What is Apache Kafka?
Thousands of businesses are built on Kafka, and for good reasons. Kafka is a scalable, community distributed event streaming platform and publish-subscribe messaging system. Kafka is used to develop distributed applications and facilitate web-scale internet businesses like Twitter, LinkedIn etc. Being scalable, it is not only used by Internet unicorns, but also by slower-to-adopt, small-scale or large-scale traditional enterprises. This is because accessing an integrated data stream is essential to develop innovative and disrupting digital services. However, the traditional data source e.g transactional data that includes inventory, orders, shopping carts etc., is augmented by factors like page likes, clicks, searches and suggestions. This data is critically important to comprehend customers’ frictions and behaviors as it helps extract valuable insights via predictive analytics. This is where Kafka comes into play.
Apache Kafka – The Need of Today
Apache Kafka can handle trillions of events per day. Principally considered as a messaging queue, it is based on the abstraction of a distributed commit log. Since its open-source launch in 2011 by LinkedIn, Kafka has evolved from a simple messaging queue to a complex, full-fledged event streaming platform. Apache Kafka was initially designed to solve the issue of low-latency assimilation of huge volumes of event data originating from the LinkedIn site and infrastructure, into a lambda architecture, harnessing real-time event processing frameworks and Hadoop. The prominent feature was the “real-time” processing. There was no such solution at that time for this kind of real-time applications access.

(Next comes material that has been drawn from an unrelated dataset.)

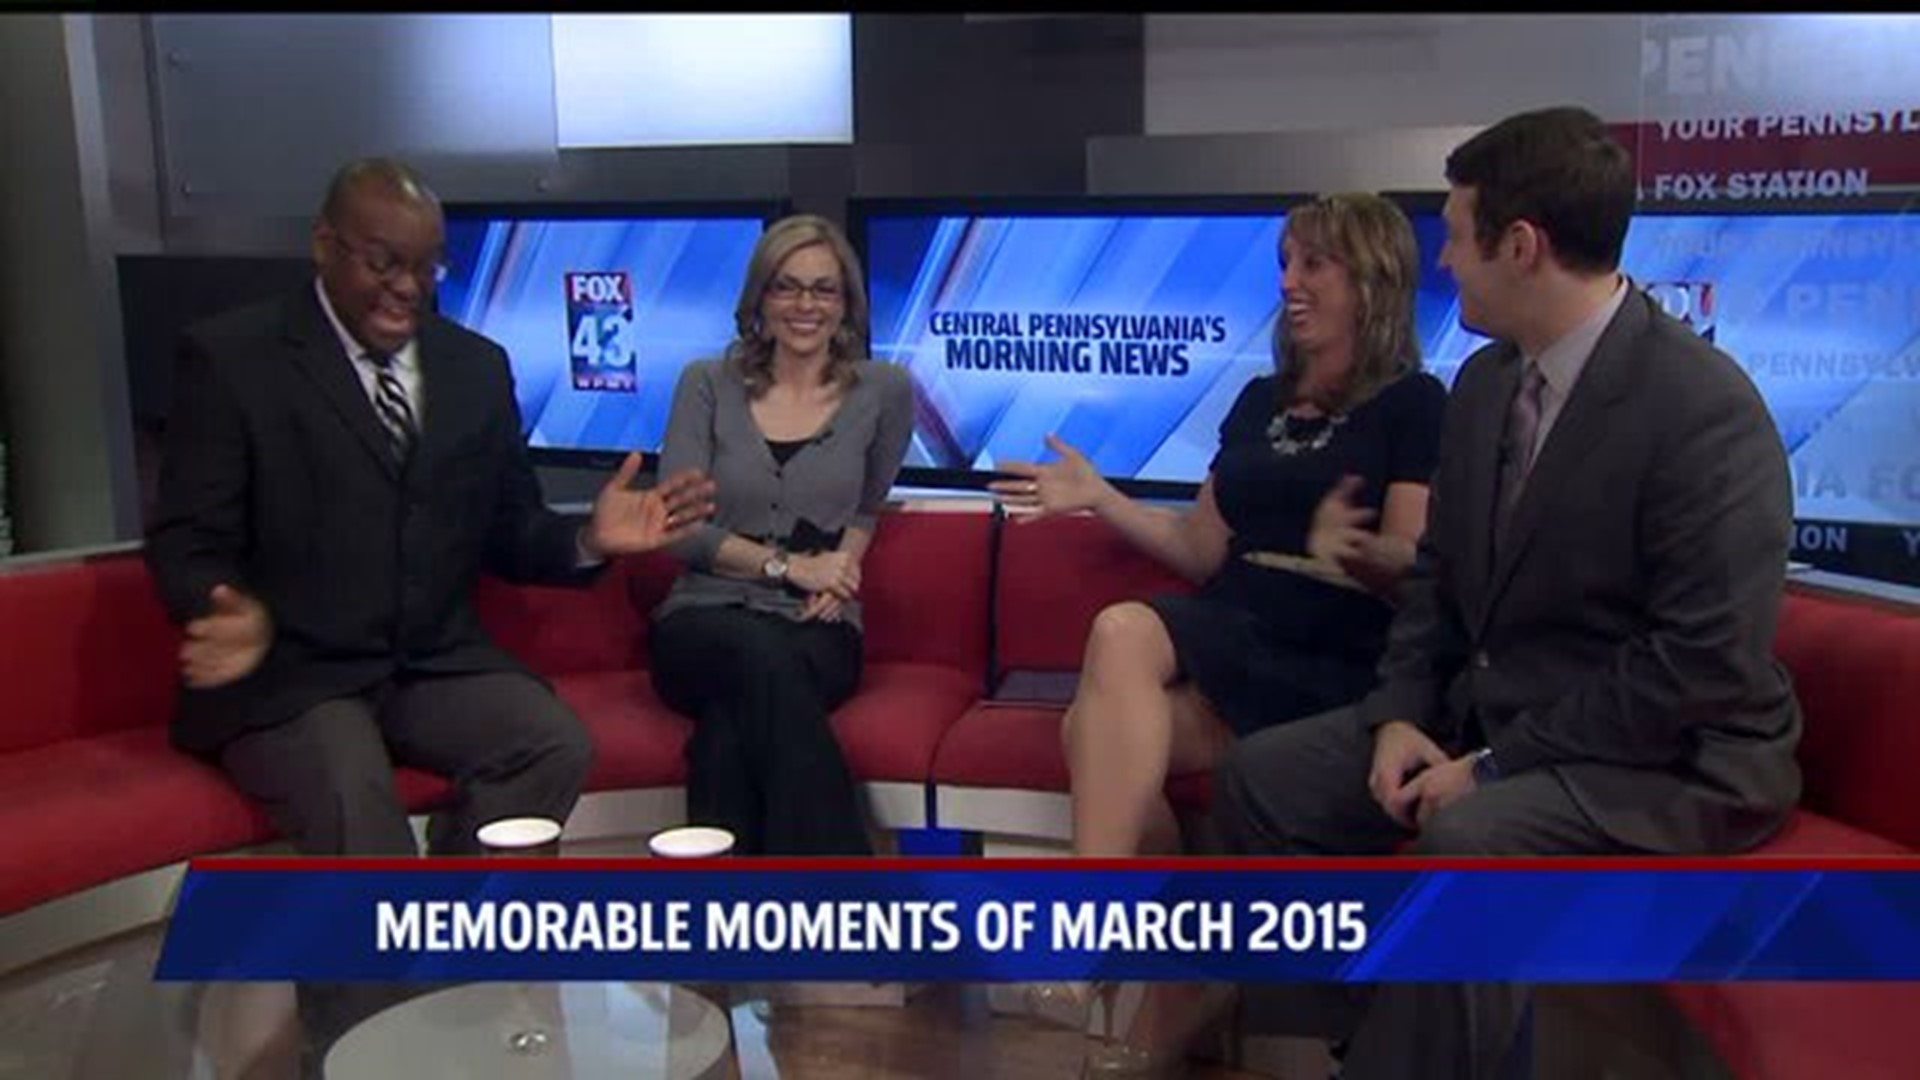 VIDEO: Memorable Moments from FOX43 Morning News March 2015

On top of that, many companies want to develop complex machine-learning algorithms, which is only possible if data is available. Obtaining data from sources, and reliably sharing it, was once very difficult, and batch-based enterprise solutions available at that time didn’t address this issue. In 2011, Kafka at LinkedIn began ingesting and therefore sharing over 1 billion events a day. Recently, LinkedIn reported an ingestion rate of 1 trillion messages a day; That’s a lot of available data!
Kafka Working Model
Kafka is a publish-subscribe system that delivers persistent, in-order, scalable messaging. It has topics, publishers and subscribers. It can partition message topics and facilitate high-scale parallel consumption. Messages written to Apache Kafka are stored and replicated to help brokers be fault tolerant while messages remain available for a defined time period.

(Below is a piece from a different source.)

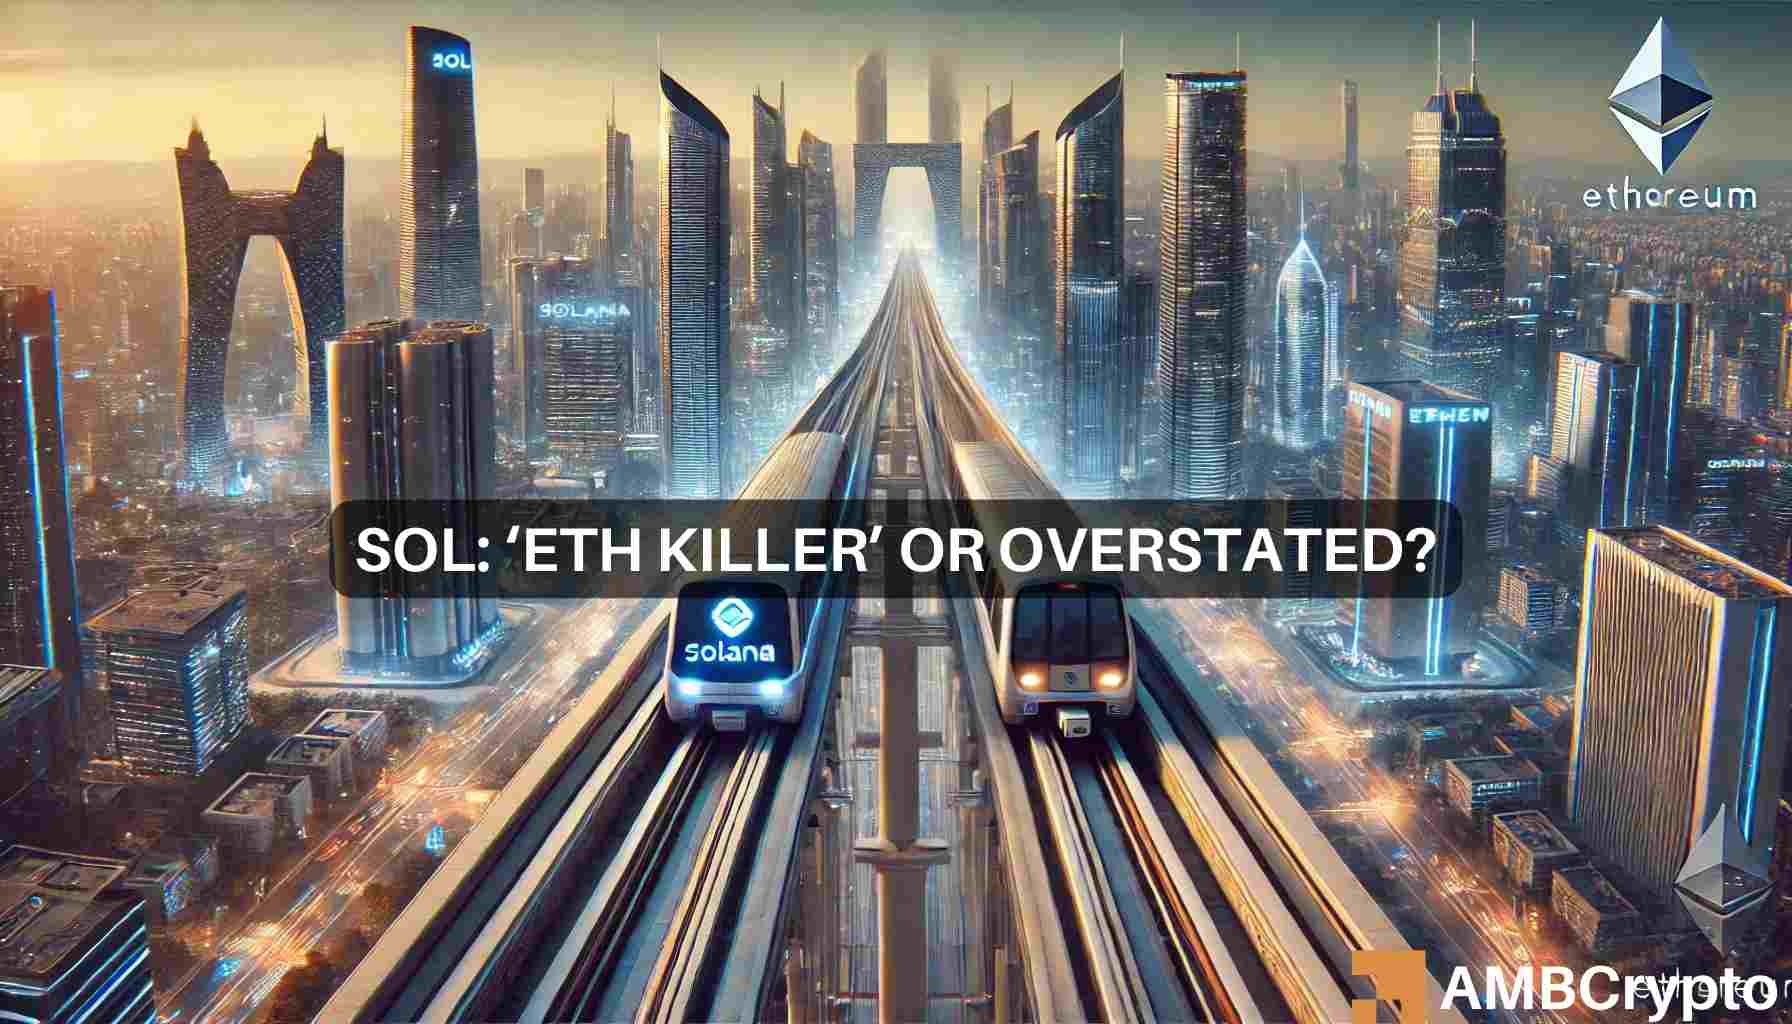 Solans vs Ethereum - Here's where insiders stand on 'overvaluation' claims

The key to Apache Kafka is the log. Developers sometimes get confused after hearing the term “log,” since they primarily understand “logs” in the context of application logs, while in this case, it is actually the log data structure. The log is simply a time-ordered, append-only series of data inserts which can be anything (in Kafka, it’s an array of bytes). If this seems like a simple data structure on which a database is developed, it is.
Where Can Kafka Fit in?
Apache Kafka has become a popular tool for enterprises and developers since it is easy to pick up and offers a powerful event streaming platform with 4 APIs:
Often, developers start with a single use case, for instance, using Kafka as a message buffer as workaround for a legacy database that is unable to bear today’s workloads, or the Connect API to keep the database in-line with associated search indexing engine, for processing data as it arrives with Streams API to highlight aggregations right back to the application.
In a nutshell, Apache Kafka makes the complex process of developing data-driven apps and back-end systems simple. It provides you relief by keeping your data fault-tolerant, real-time, and replayable, always. It helps developers with a single event streaming platform to collect, process, store, and connect the enterprises systems and apps with real-time data.